* INFORMATION SUPPLIED *

-- Opening Marker --

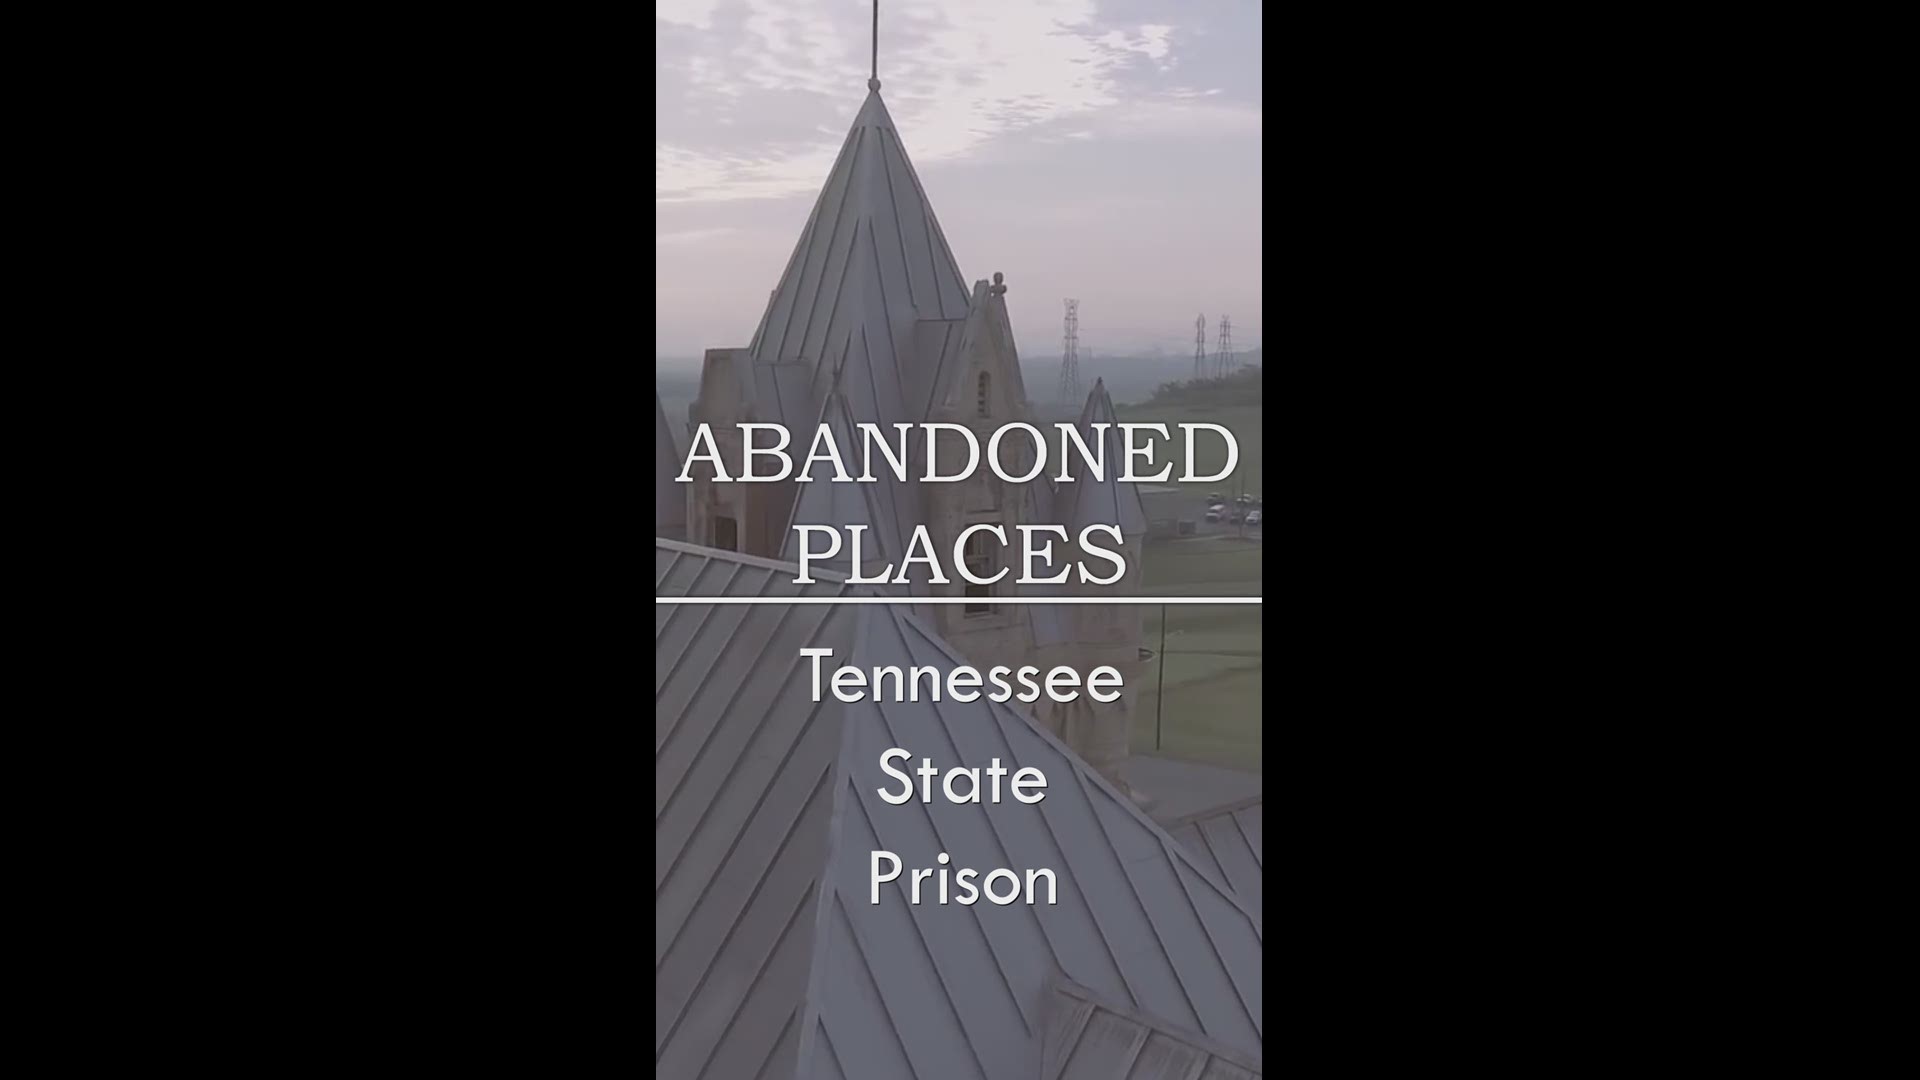 Join WBIR for our digital-first series, Abandoned Places. Our first stop is the Tennessee State Prison, just outside of Nashville.
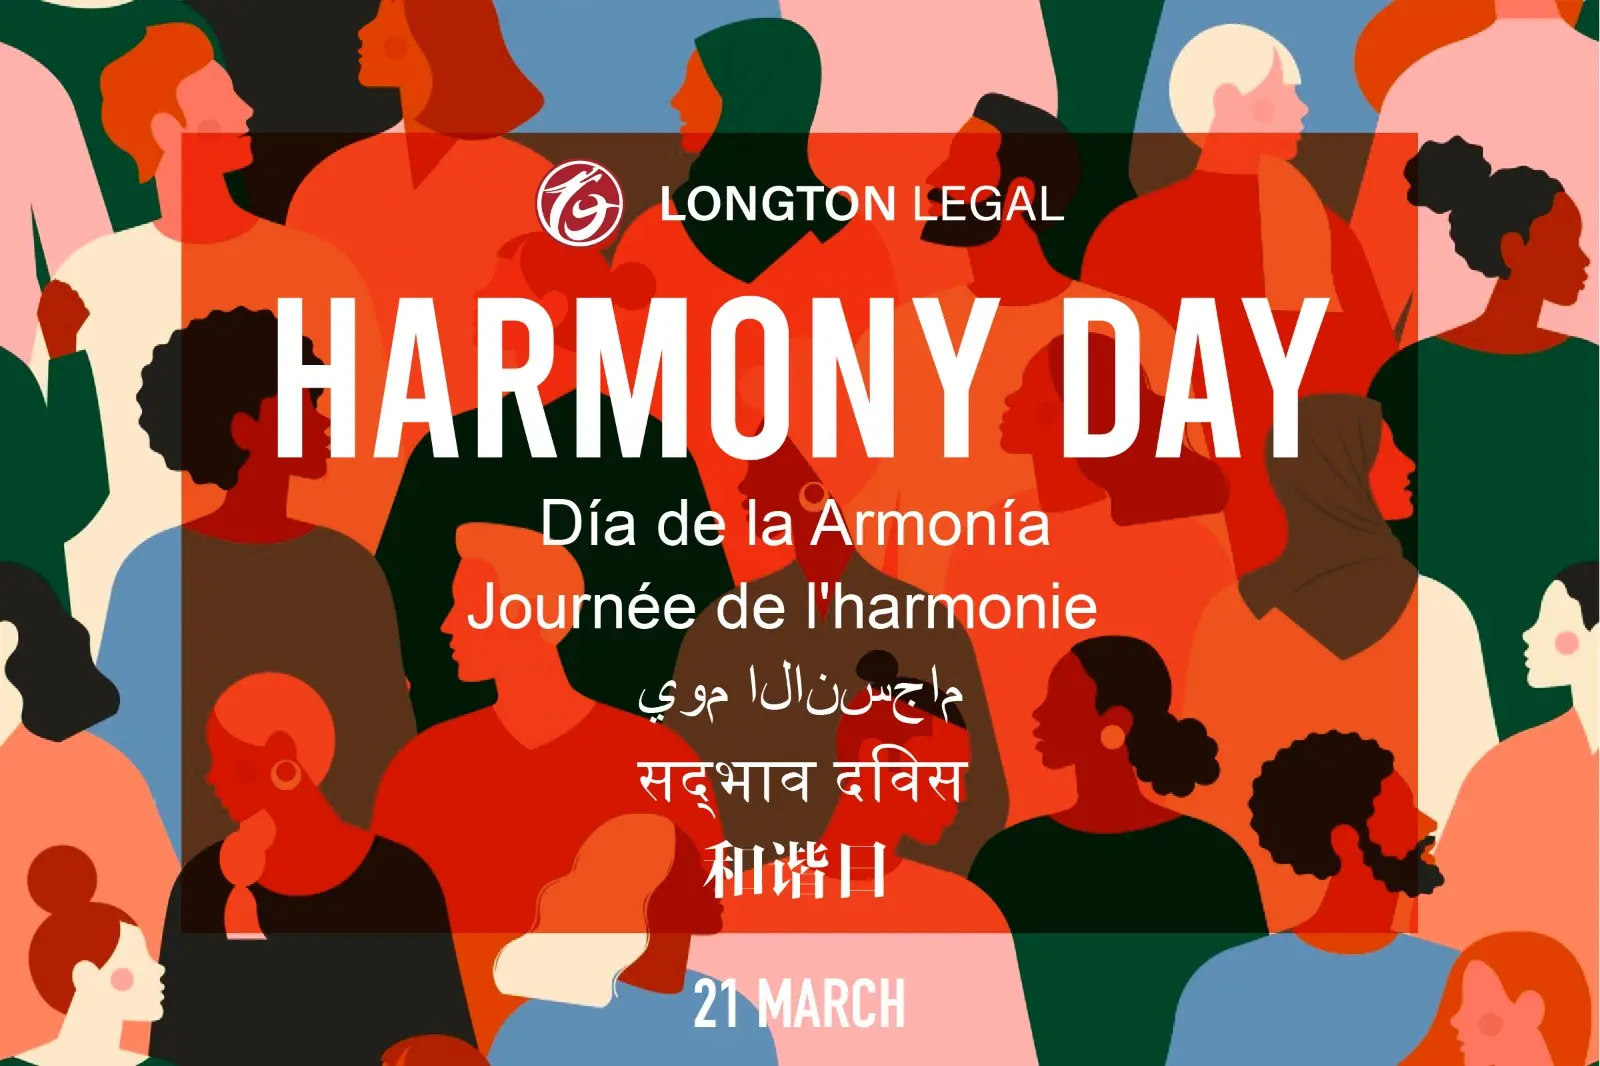 We come together to celebrate Harmony Day on 21 March
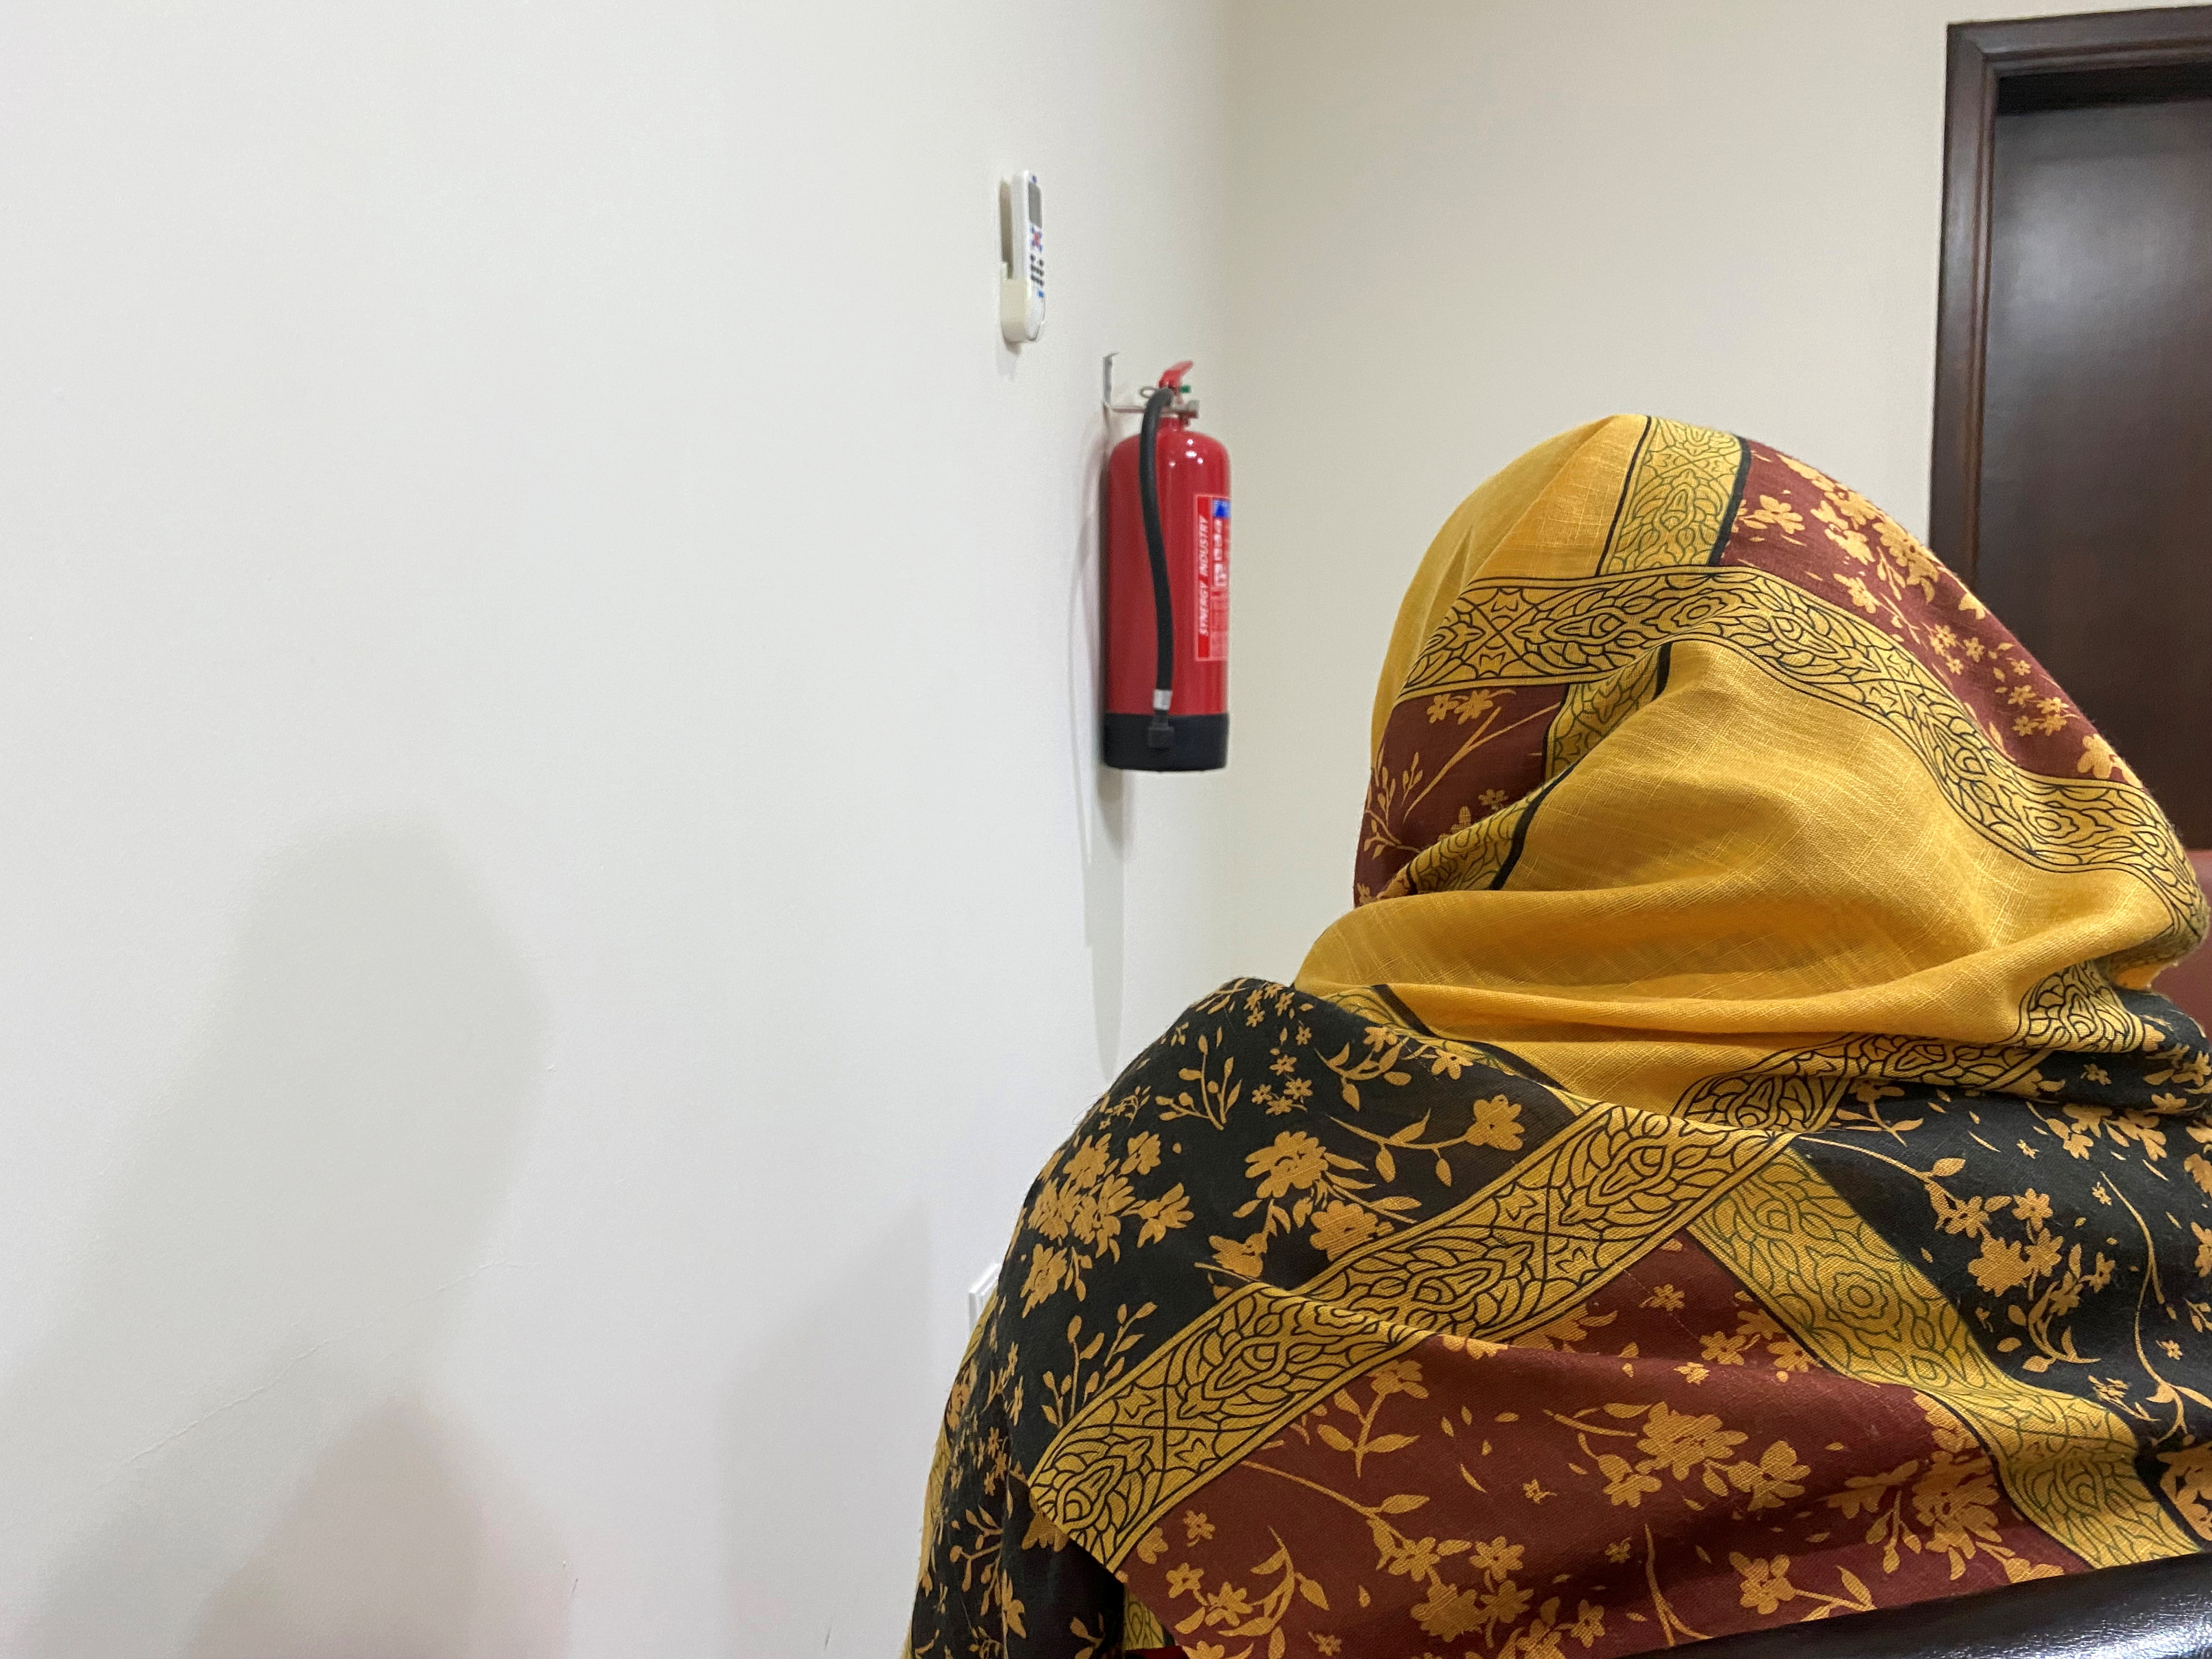 An evacuated Afghan woman speaks during an interview in Doha

-- Closing Marker --

* WHAT THIS TASK INVOLVES *
The listing above, line by line: print it exactly, but not its pictures.

* SOLUTION FOR THIS PROBLEM *
 Join WBIR for our digital-first series, Abandoned Places. Our first stop is the Tennessee State Prison, just outside of Nashville.
 We come together to celebrate Harmony Day on 21 March
 An evacuated Afghan woman speaks during an interview in Doha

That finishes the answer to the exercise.